I can recommend ftp-upload. It's a neat little tool that you can install under ubuntu through sudo apt-get install ftp-upload.

Usage example:

ftp-upload -h {HOST} -u {USERNAME} --password {PASSWORD} -d {SERVER_DIRECTORY} {FILE_TO_UPLOAD}
  • Can you provide a link to the tool or its documentation? – bwDraco Jan 27 '15 at 16:11
  • 1
    Hi DragonLord, if you are in Ubuntu and you have installed ftp-upload (using the command I gave before) you can just do man ftp-upload. Hope that helps. – Floris Feb 3 '15 at 18:01
  • Will this leave the password in the bash history? Can I prevent that? – Xanlantos Feb 3 at 11:09
  • @Xanlantos yes unfortunately it will leave the password in the bash history. I think there are ways around it I found through Google (but I don't recall exactly). – Floris Feb 5 at 20:51

You need to fix the URL given in your statement. You received the error because the URL was incomplete - it was missing the name of the object you are uploading. Once you add the filename after 'example.com' as I have done below, you will see the single command does indeed work as you intended.

Try this:

ftp -u ftp://user:secret@ftp.example.com/my-local-file.txt my-local-file.txt

  • 11
    ftp: invalid option -- 'u' – Babken Vardanyan Aug 1 '14 at 17:06
  • 2
    Indeed :( ftp: u: unknown option – webDEVILopers Oct 28 '14 at 10:24
  • ftp: u: unknown option – Morten Nov 8 '18 at 11:45

You can also try lftp.

Here is an example:

lftp -e 'cd folder1/folder2; put /home/path/yourfile.tar; bye' -u user,password ftp.theserver.com

Refer here for more details and also refer to LFTP Manual


  • To use it with non unix name I found this: NN="'non unix.file'" ; lftp -e "cd folder; put $NN; bye" -u anonymous, ftp.theserver.com – schweik Jan 17 '20 at 8:22
  • Will this leave the password in the bash history? Can I prevent that? – Xanlantos Feb 3 at 11:09
  • With the example above yes, it will be in the history. You can use the --env-password flag and have the password configured in LFTP_PASSWORD environment variable. Refer to the man pages of LFTP – divinedragon Feb 4 at 15:41

Install ncftp and use the ncftpput tool that comes along with it, pretty much something like this syntax:

ncftpput -u ftpuser -p ftppass ftphostname /path/where/to/upload localfile.name
if [ $? -ne 0 ]; then echo "Upload failed"; fi

You can even check if the upload status is good or bad. The normal ftp client can also be used along with expect.

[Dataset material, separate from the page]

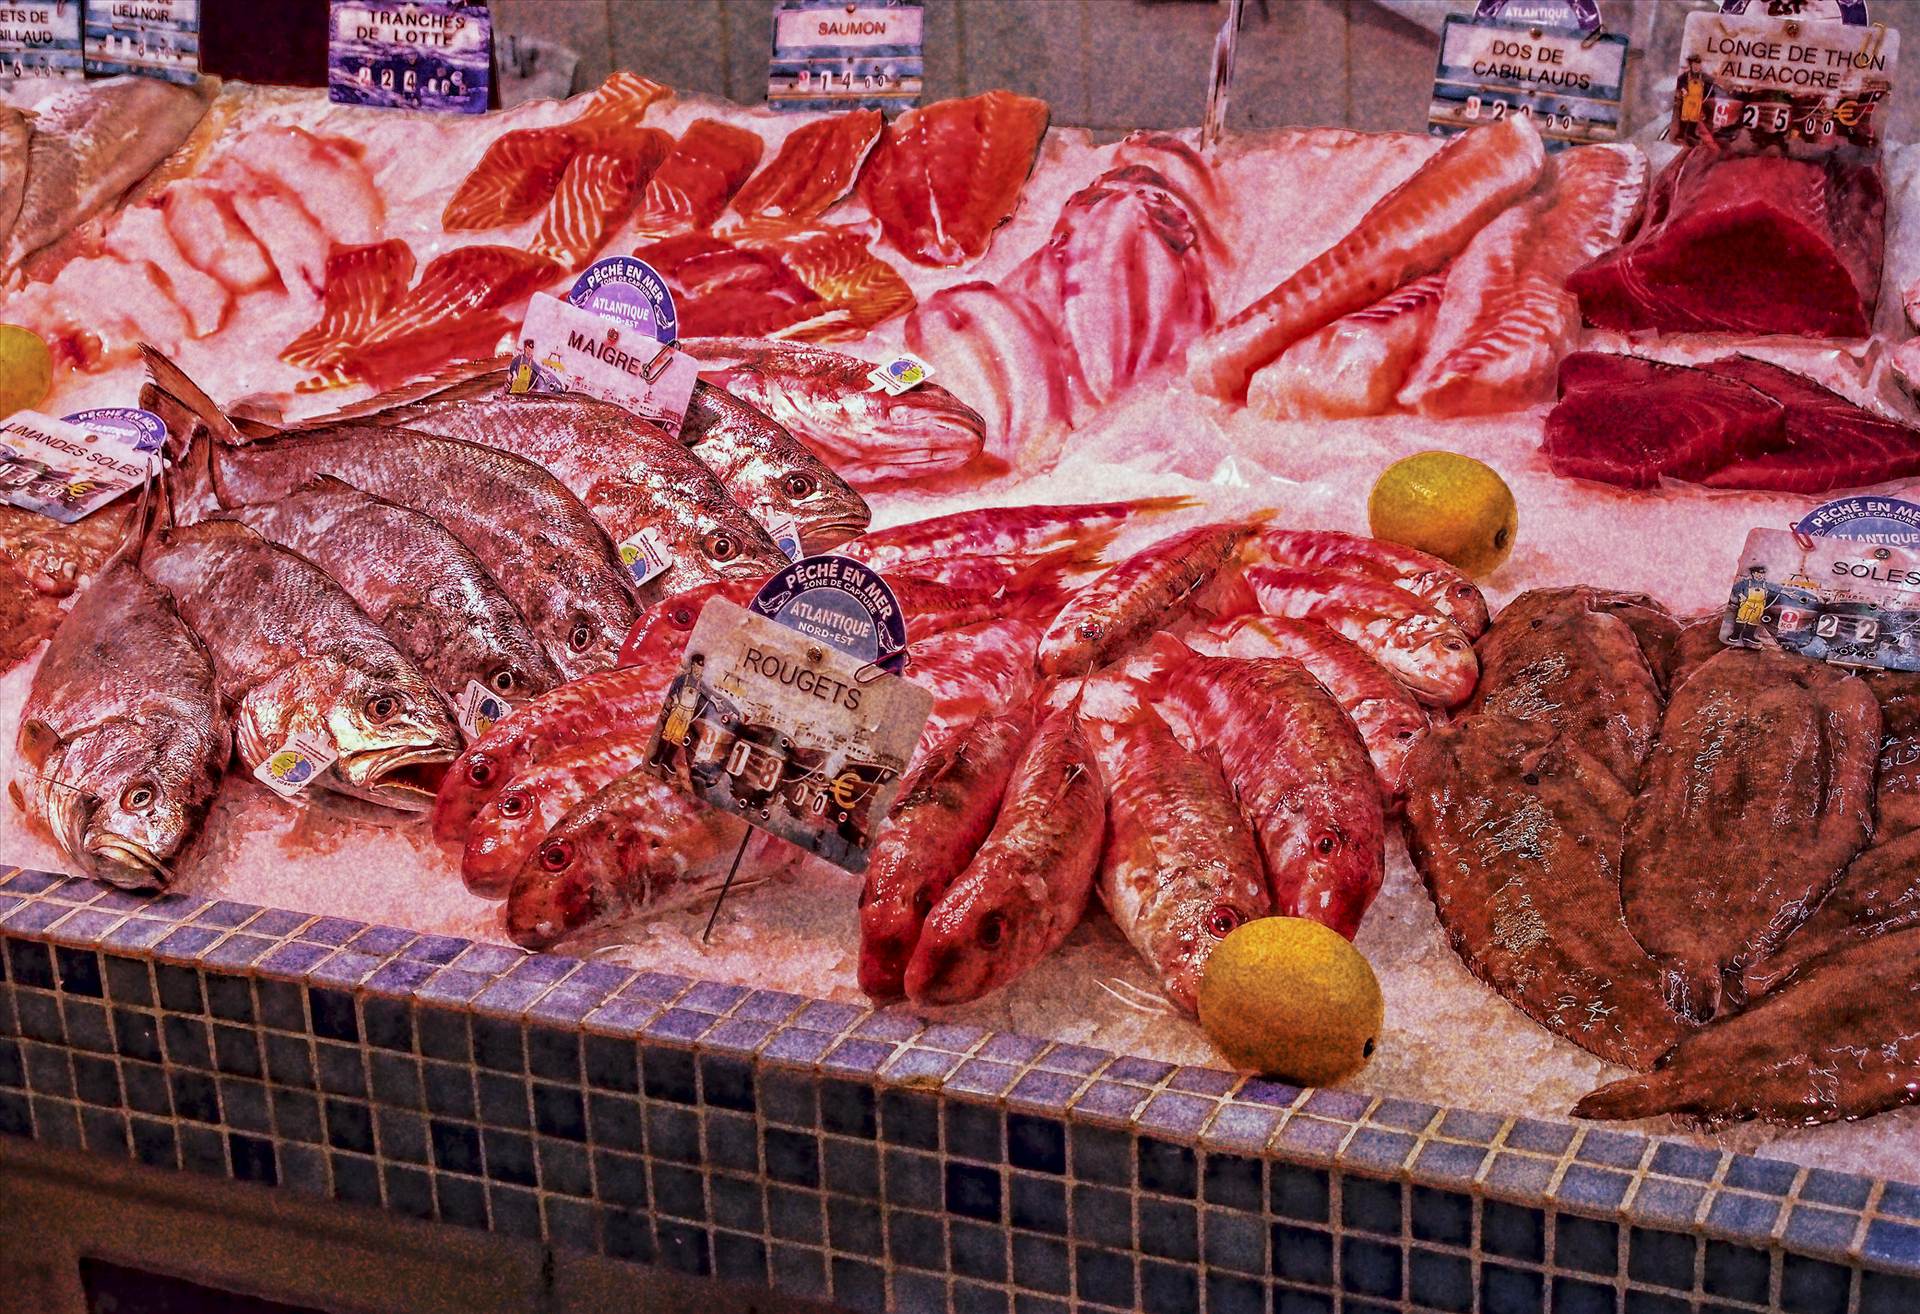 Le Havre Fishmarket2.jpg undefined by WPC-208

Upload a file to a remote location via command line

#$1 is the file name
#usage:this_script <filename>

quote USER $USER
put $FILE 
exit 0

I use BusyBox's ftpput to do this:

# /bin/busybox ftpput

BusyBox v1.20.2 (Debian 1:1.20.0-7) multi-call binary.


Upload a file to a FTP server

    -v,--verbose            Verbose
    -u,--username USER      Username
    -p,--password PASS      Password
    -P,--port NUM           Port

Note: busybox ftpget work well too.


i improved Marty answer like below (include binary):


$ ftp_example_sh.sh dump_file

ftp -n <<EOF
user anonymous aaa
put $1


$ftp_example_2.sh dump_file

ftp -n <<EOF
open $1
user anonymous aaa
put $2

use put command after connecting to ftp server with ftp (it is interactive, btw)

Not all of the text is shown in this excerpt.